I found this article interesting because it seems to prove that affirmative action simpy doesn’t work. Read the article, then I’ll explain:
Black enrollment at Harvard Law tanks by more than half after affirmative action ruling
The article cites a New York Post story:
“Harvard Law enrolled 19 first-year Black students, or 3.4 percent of the class, the lowest number since the 1960s, according to the data from the American Bar Association. Last year, the law school’s first-year class had 43 Black students.”
But here’s the problem: affirmative action in school admissions, where race is considered as a factor in admissions, did not produce increased levels of competency in the black student applicants. This seems contrary to presumed goal of equalizing the participation and competency of African-Americans in the education system for professional fields. If it had, then we would expect the current crop of black applicants to Harvard Law to compete equally with applicants of other races. Instead we find – 50 years later – that without consideration for race black students do not compete on an equal footing with other applicants.
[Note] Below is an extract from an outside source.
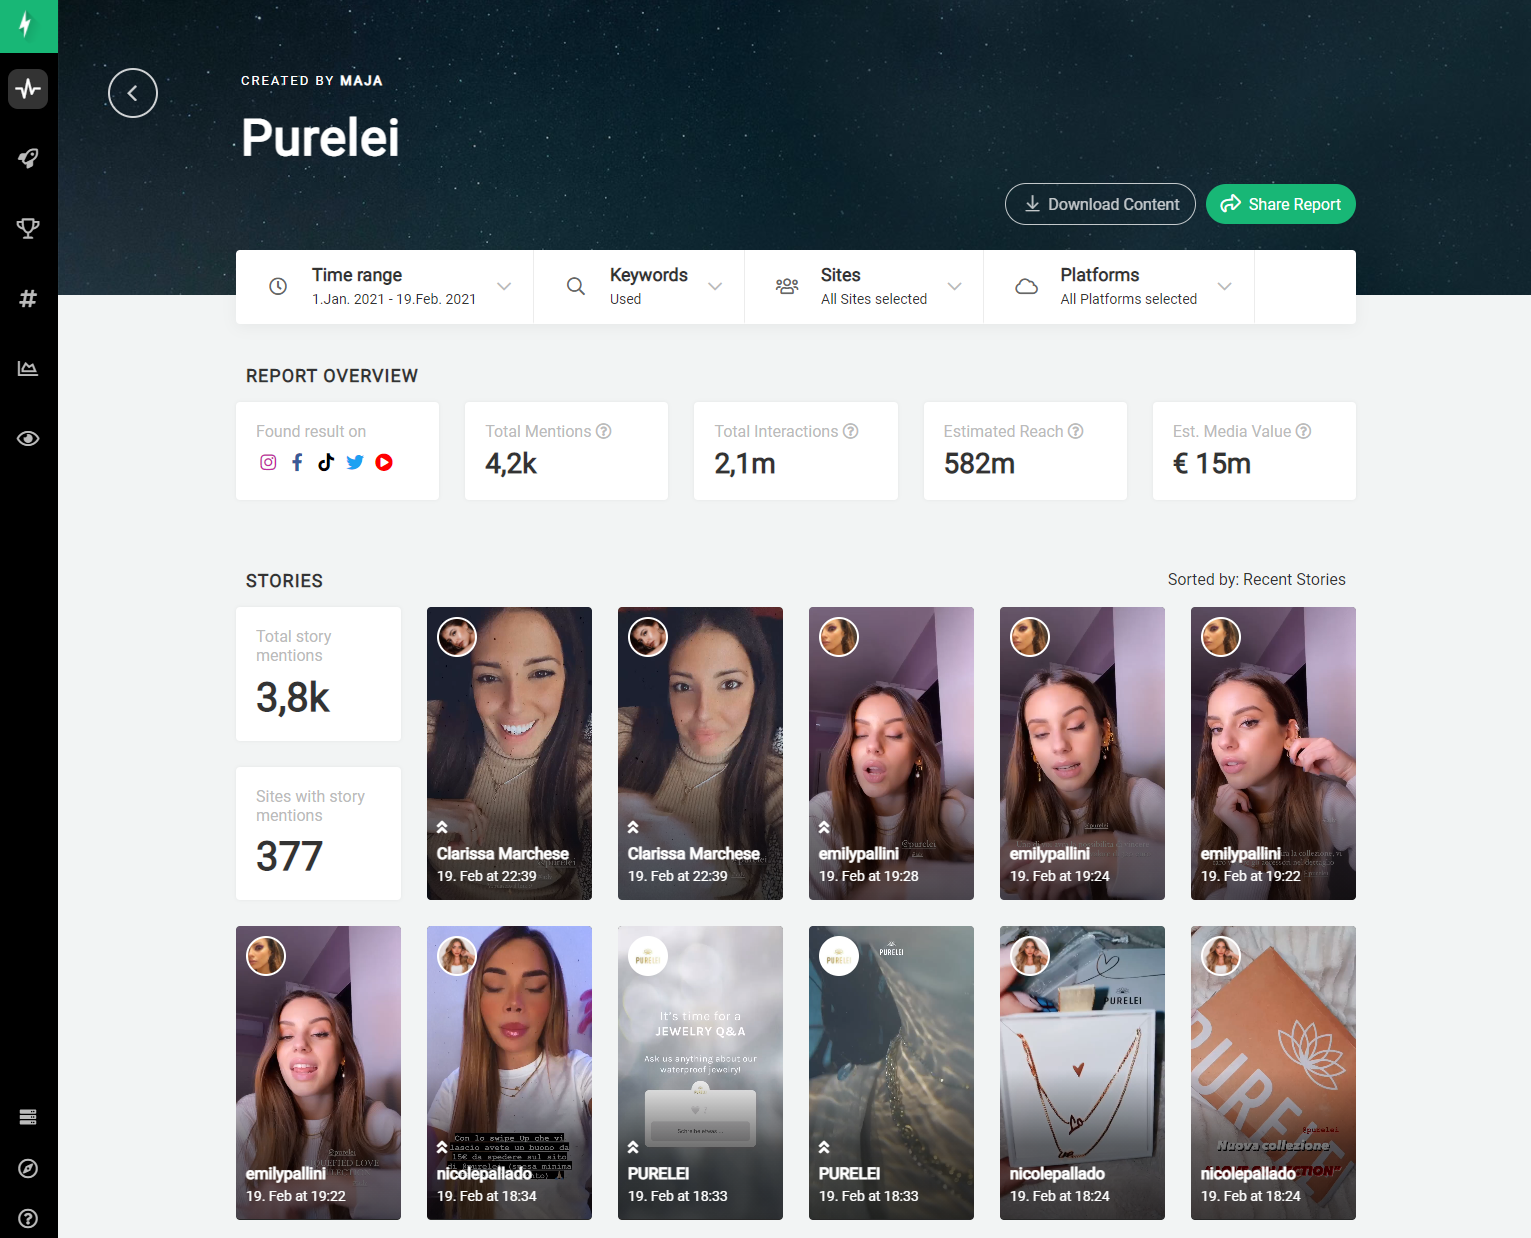 storyclash influencer marketing platforms

How can this be? Why are black Harvard applicants not competing at an equal level with other applicants when race is not considered (or known) in the application process after more than 50 years of affirmative action? Can it still be racism, or is there another explanation?
I’ve discussed this before, but it’s worth bringing up again so here we go: affirmative action produces a separate class of applicants that only have to compete with each other and not the general population. The result is that affirmative action does not eventually produce equality by forcing people to compete on the same level; it only produces a racial caste system for education. Affirmative action will never result in equality; it will only lead to different classes of capability segregated by race. This will, as expected, increase racism – not defeat it.
It is time for affirmative action to end. It has not, nor will it ever, work. It’s time to correct the root causes – not pretend that they don’t exist. Only then will true equality be possible.